「最初で最後」の挑戦をしなければ人の心は動かせない
――蓋をしただけで、まだ松岡さんの中にあるわけですね。
はい。その正体をちゃんともう一回確認しなきゃダメだって、僕はずっと思っていて。それは、本当に心が荒むようなことだったのか。もしかしたら、あの頃ネガティブにとらえていたことの中に、誰かの優しさという宝が見つかるかもしれない、と。
当時は、そのネガティブなものが松岡充やSOPHIAの音楽の原動力になっていて。「ゴキゲン鳥」なんて、言ったらもう、嘆いてる曲じゃないですか。そして最後、「問題は俺か?」って、蓋をしてる。オマージュという作業の中でそういった当時の感情に向き合うことが挑戦になっていくんじゃないかなと思います。
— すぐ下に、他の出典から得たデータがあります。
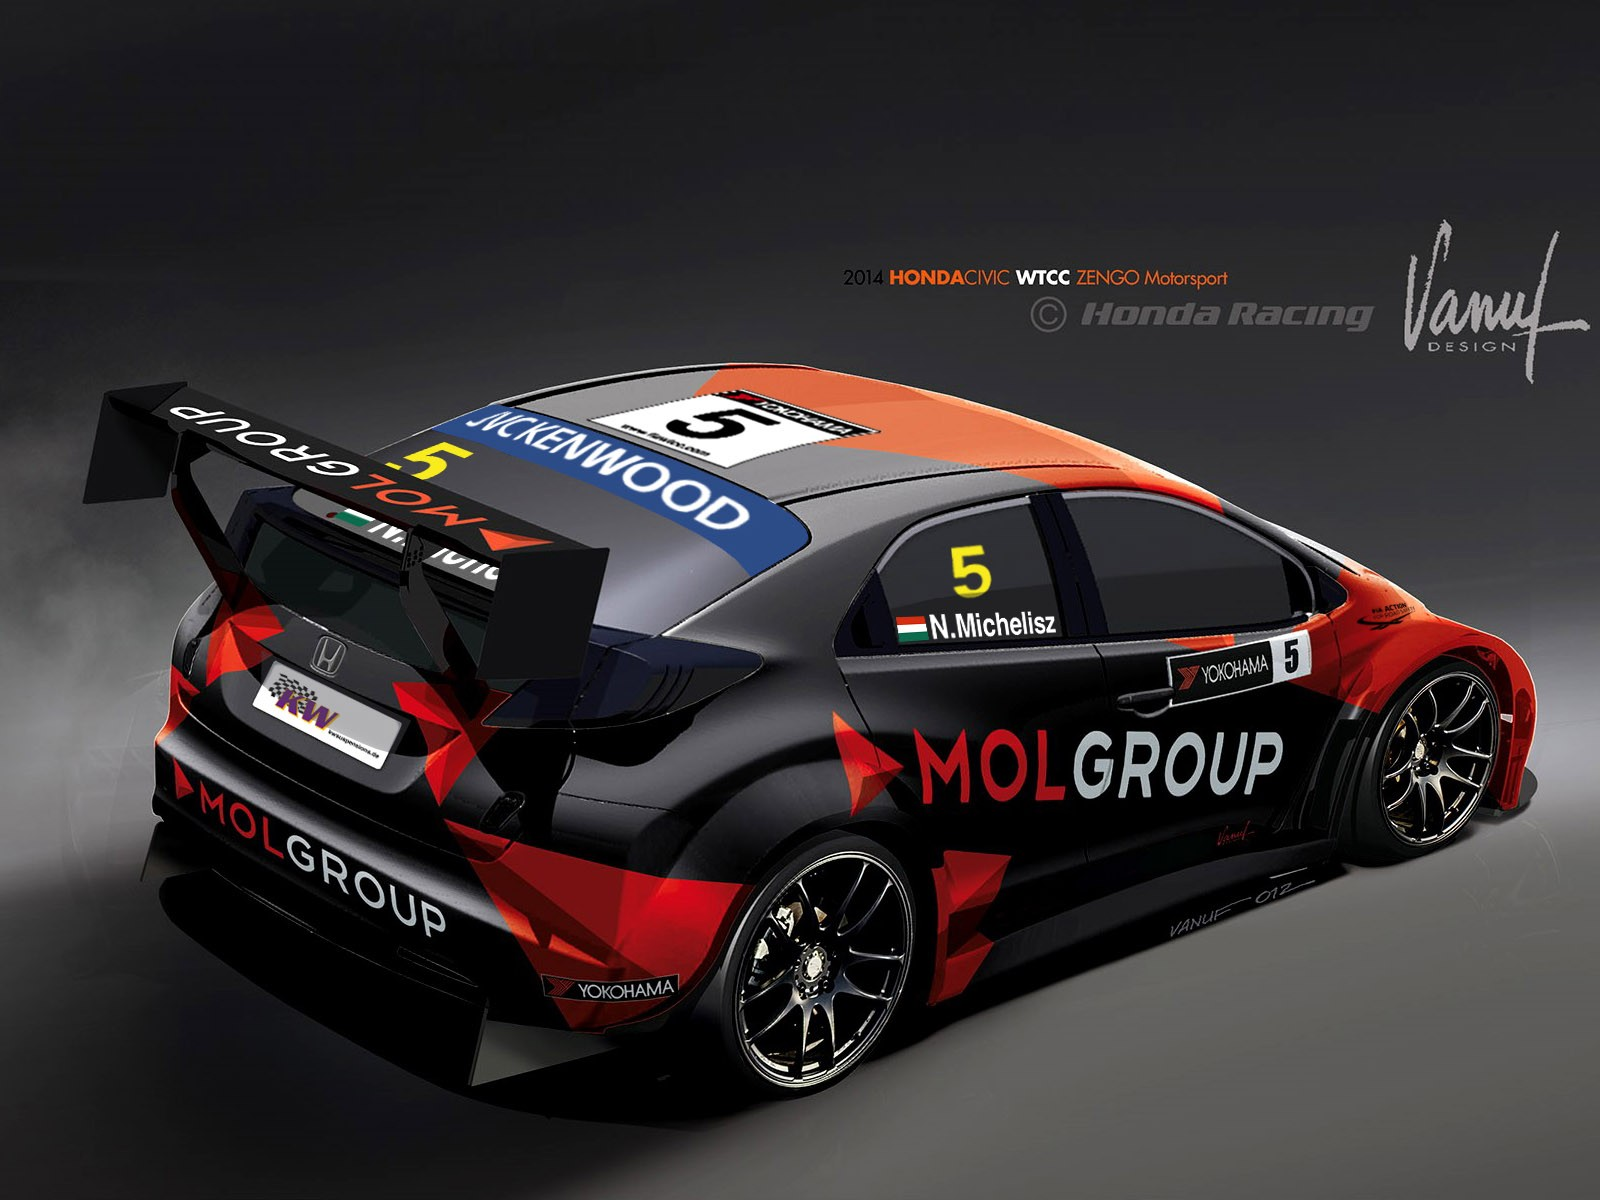 2014 Honda Civic WTCC Zengo Motorsport

――蓋をした思いは今も忘れずに、引き出すことができるんですか?
引き出せます。でもそのためには、それに向き合うための体勢をとらなきゃいけない。それが今のこの活動なんですよね。そんな簡単に、パカッと蓋を開けて「ああ、こんなだったな」で向き合えるレベルではないので。そういう意味では、これが最初で最後って思えるようなトライをしていかないといけなくて。
これが最後なら、「こんな甘いジャッジはないな」とか「こんなモヤモヤした気持ちで進めていくのはイヤだ」って感じると思うんです。そういう気持ちで向き合わないと、人の心を動かしたり、人の人生に影響を及ぼす誰かにはなれないし、そういう作品も創れないと思う。